Work to complete: Look below for the line with "Asus Z7S WS" and the line with "destination wedding videography". Copy exactly those two lines and every line between, but not the pictures.

Input data:
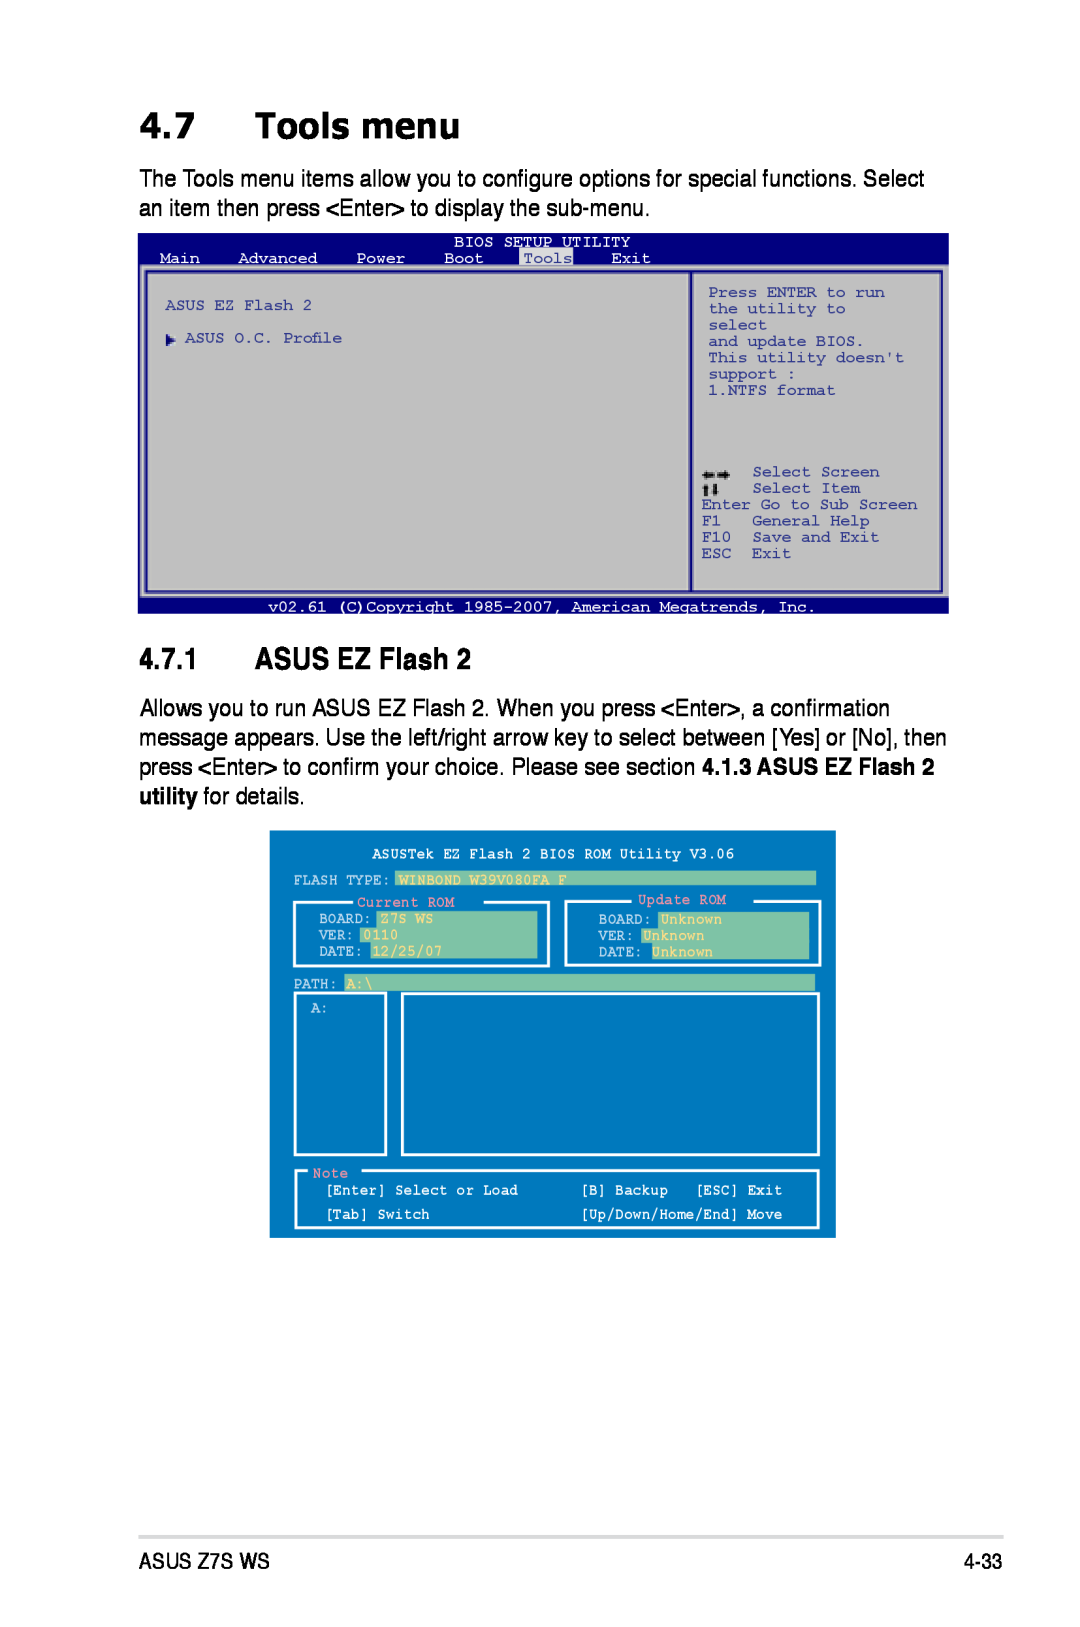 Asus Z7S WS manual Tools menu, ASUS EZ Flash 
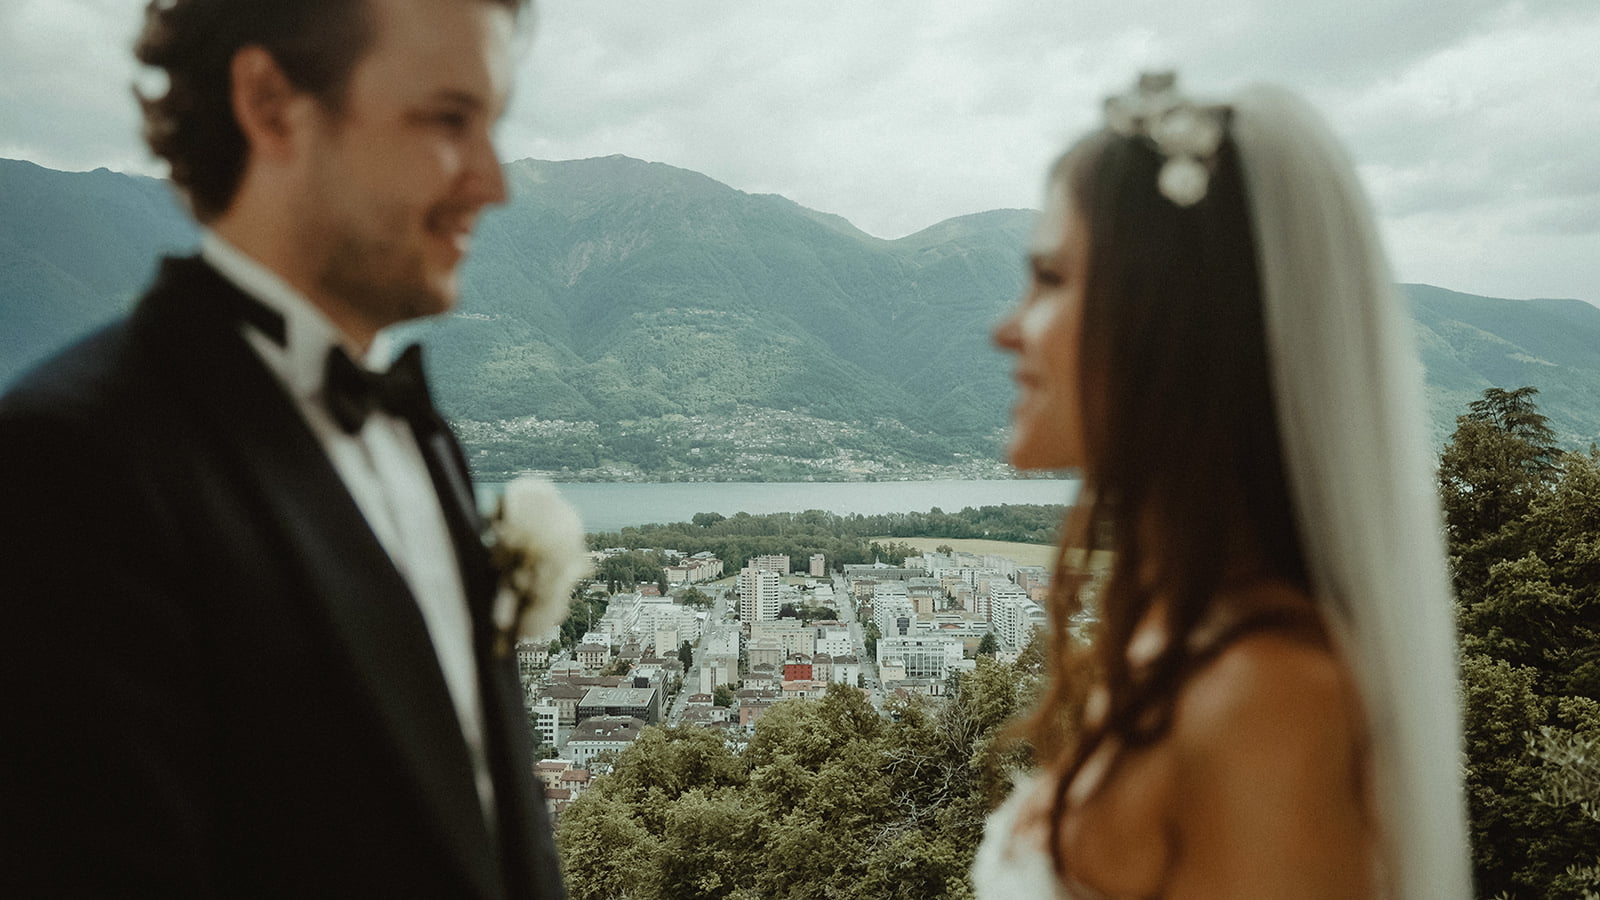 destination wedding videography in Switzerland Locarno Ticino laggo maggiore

--

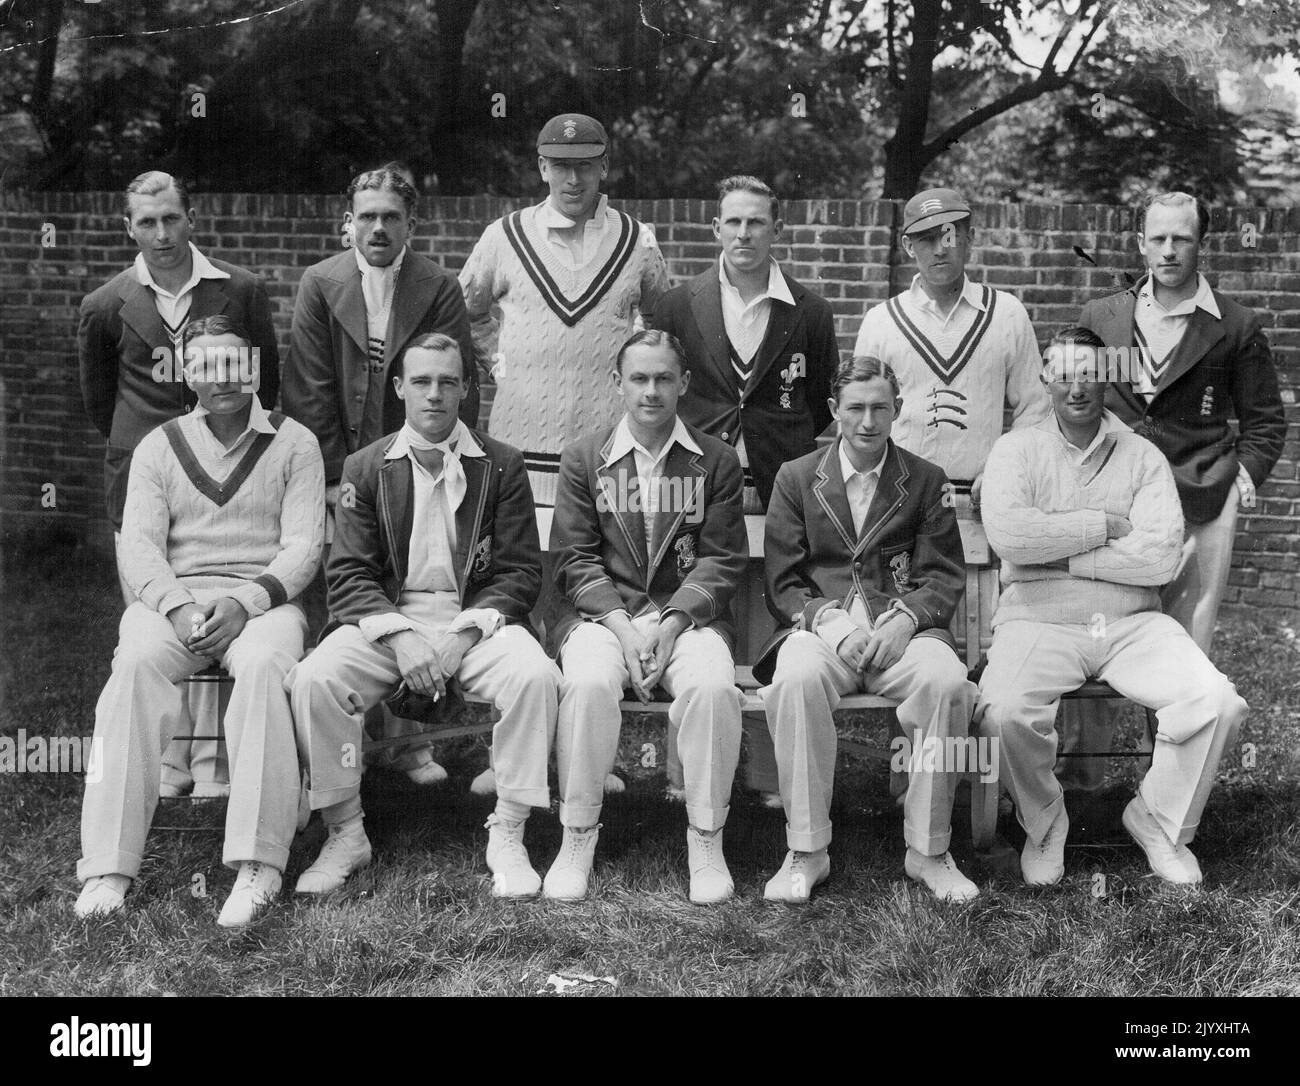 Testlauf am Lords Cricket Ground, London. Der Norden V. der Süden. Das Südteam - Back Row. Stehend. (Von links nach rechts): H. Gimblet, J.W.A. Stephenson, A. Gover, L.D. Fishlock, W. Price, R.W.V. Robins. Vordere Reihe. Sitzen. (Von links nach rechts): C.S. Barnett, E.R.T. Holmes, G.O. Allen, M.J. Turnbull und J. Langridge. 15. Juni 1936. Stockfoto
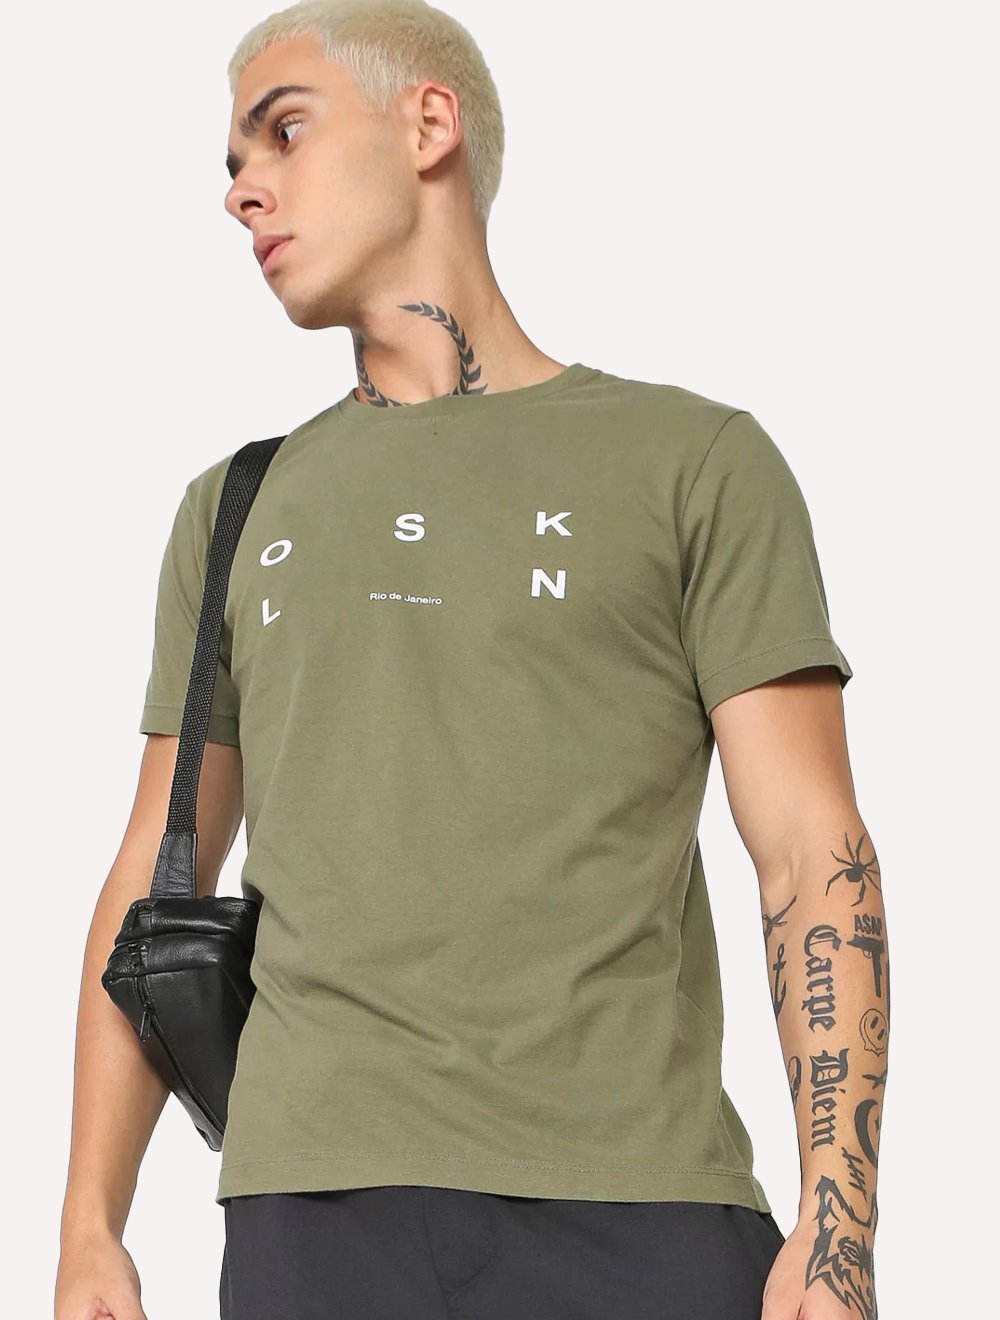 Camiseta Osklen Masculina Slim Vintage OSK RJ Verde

* * *

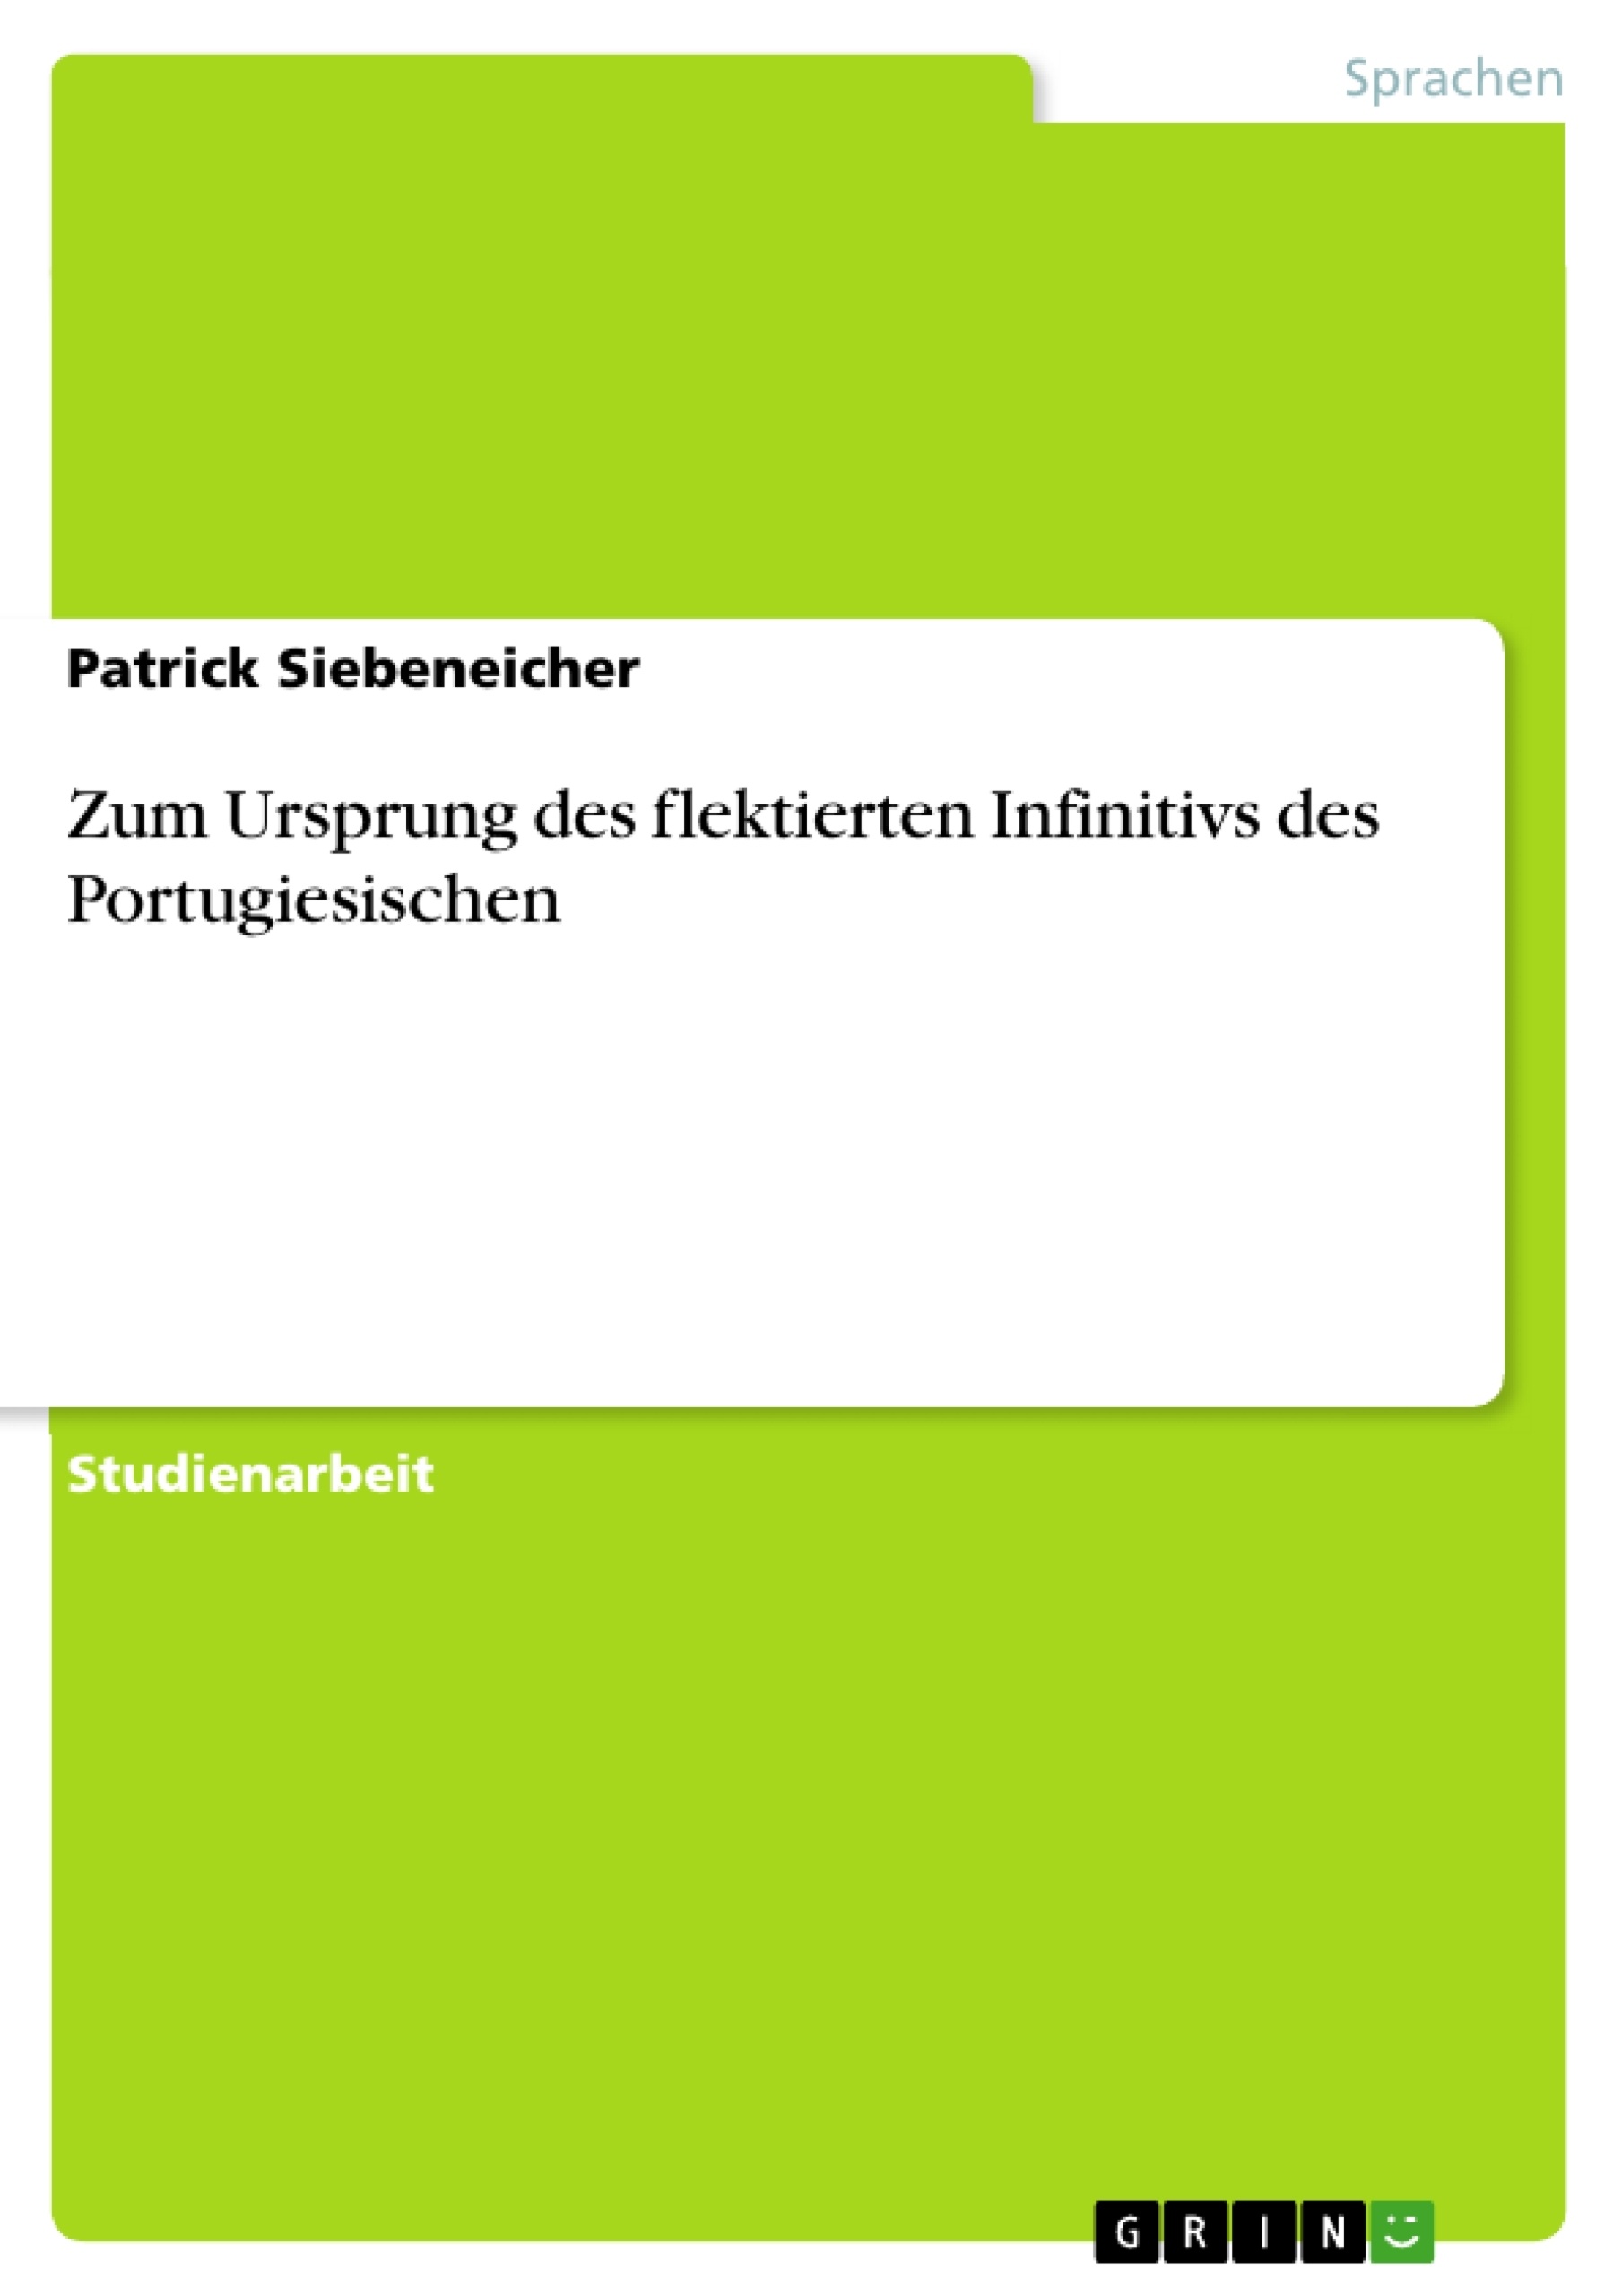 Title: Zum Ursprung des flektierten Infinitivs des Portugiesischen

Answer area:
 Asus Z7S WS manual Tools menu, ASUS EZ Flash 
 destination wedding videography in Switzerland Locarno Ticino laggo maggiore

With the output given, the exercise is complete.